Dalam sambutan Bupati Kediri Hanindhito Himawan Pramana yang dibacakan Sekretaris Kabupaten Kediri Mohammad Solikin menyampaikan kegiatan Nuzulul Quran dapat menjadikan berinstropeksi dan merenungkan sudah sejauh mana kita dalam membaca, menghafal, memahami, dan mengamalkan isi kandungan Al-Qur’an dalam kehidupan sehari-hari atau Al Quran sebagai pedoman hidup.

Read More

Solikin menambahkan bahwasannya acara tersebut sekaligus menjadi momentum dalam meningkatkan ketakwaan dan keimanan diri kita kepada Allah SWT.

“Sungguh kegiatan kali ini merupakan kesempatan yang luar biasa bagi kita semua. Mudah-mudahan kita semua bisa dimasukan ke dalam golongan yang muttaqin, dicatat sebagai orang yang beriman dan bertakwa. Semoga amal ibadan puasa kita diterima oleh Allah Swt. Saya harap kegiatan ini bermanfaat dan membawa berkah untuk seluruh kita dan seluruh masyarakat Kabupaten Kediri,” kata Solikin.
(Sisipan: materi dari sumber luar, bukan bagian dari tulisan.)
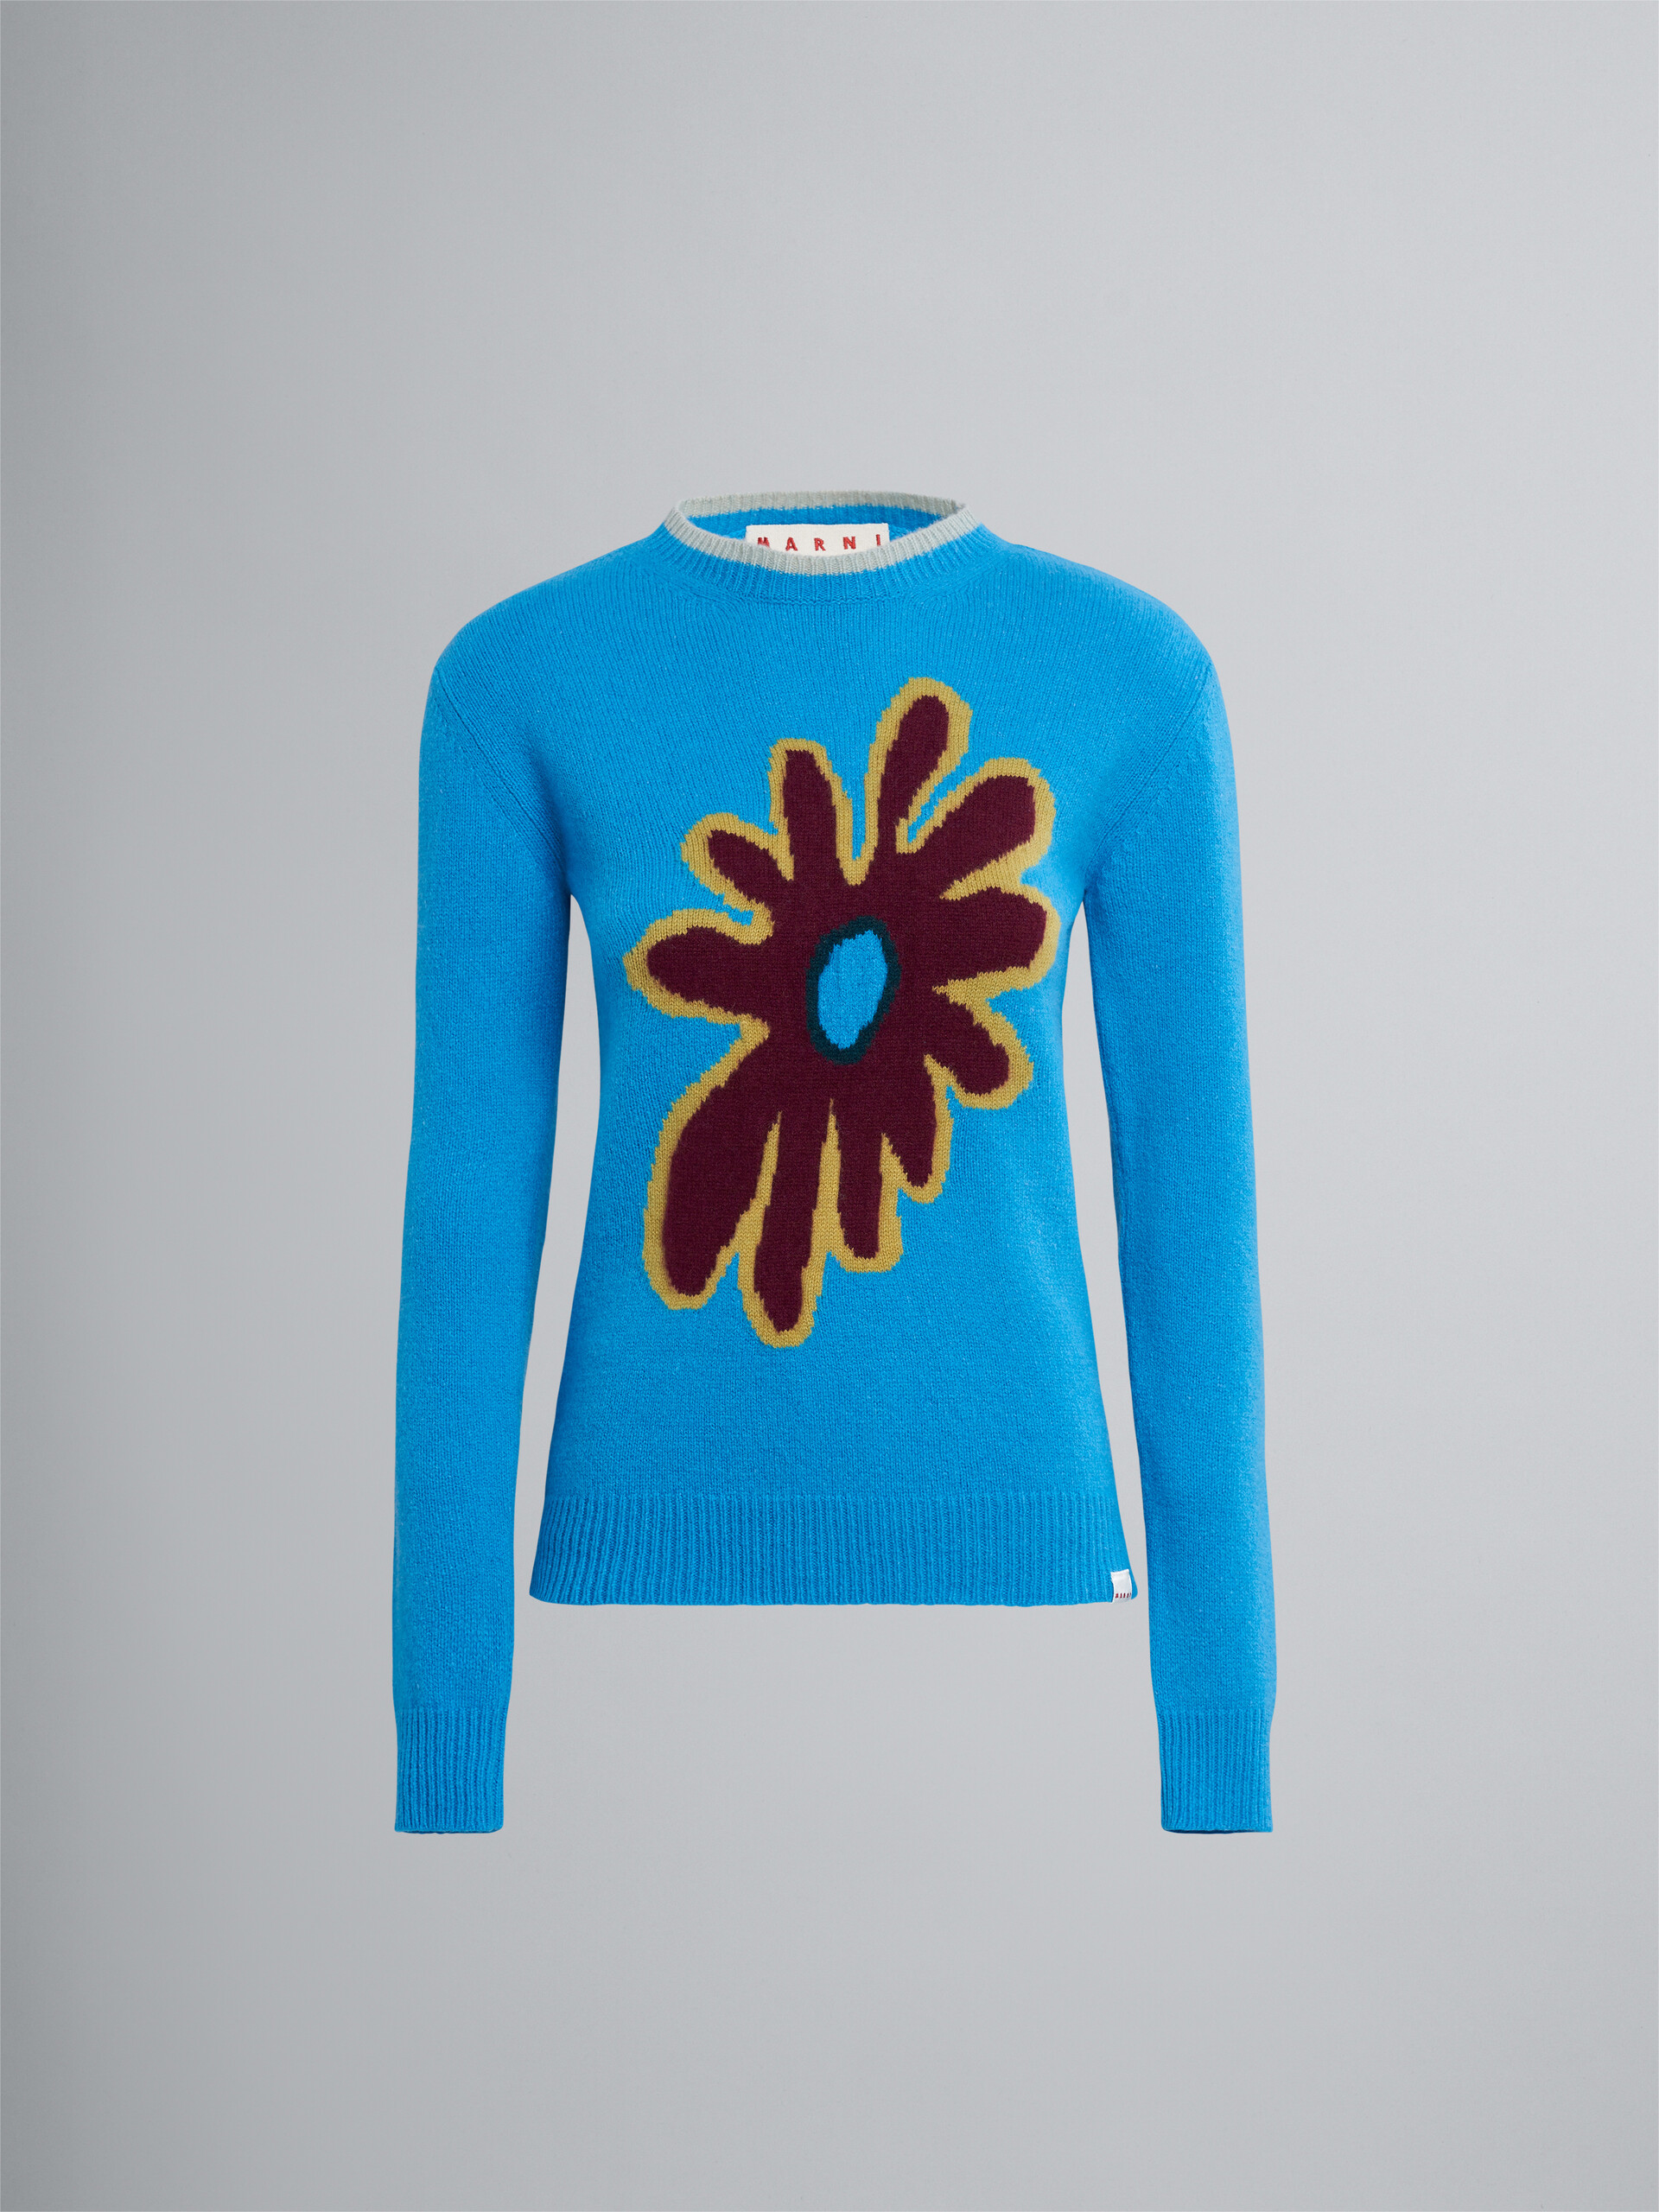 70’s flower cashmere sweater - Pullovers - Image 1

Dalam kesempatan tersebut, Pemerintah Kabupaten Kediri mengundang Gus Reza Ahmad Zahid dari Lirboyo sebagai penceramah. Gus Reza menyampaikan mengenai proses turunnya Al Quran dimana terdapat beberapa perbedaan waktu dalam memperingati turunnya Al Quran.

“Ada orang yang memperingati turunnya Al Quran pada tanggal 17 Ramadan yang artinya proses turunnya Al Quran dari Lauhul Mahfudz ke Baitul Izzah di Langit Dunia. Namun ada juga yang memperingati turunnya Al Quran pada tanggal 27 Ramadhan yang artinya proses turunnya Al Qur’an dari Lauhul Mahfudz sampai ke Gua Hira. Walaupun terdapat perbedaan waktu yang terpenting dari esensi memperingati Nuzulul Quran adalah dapat mengambil pelajaran tentang turunnya Al Quran dan mengimplementasikan Al Quran pada keseharian,” kata Gus Reza.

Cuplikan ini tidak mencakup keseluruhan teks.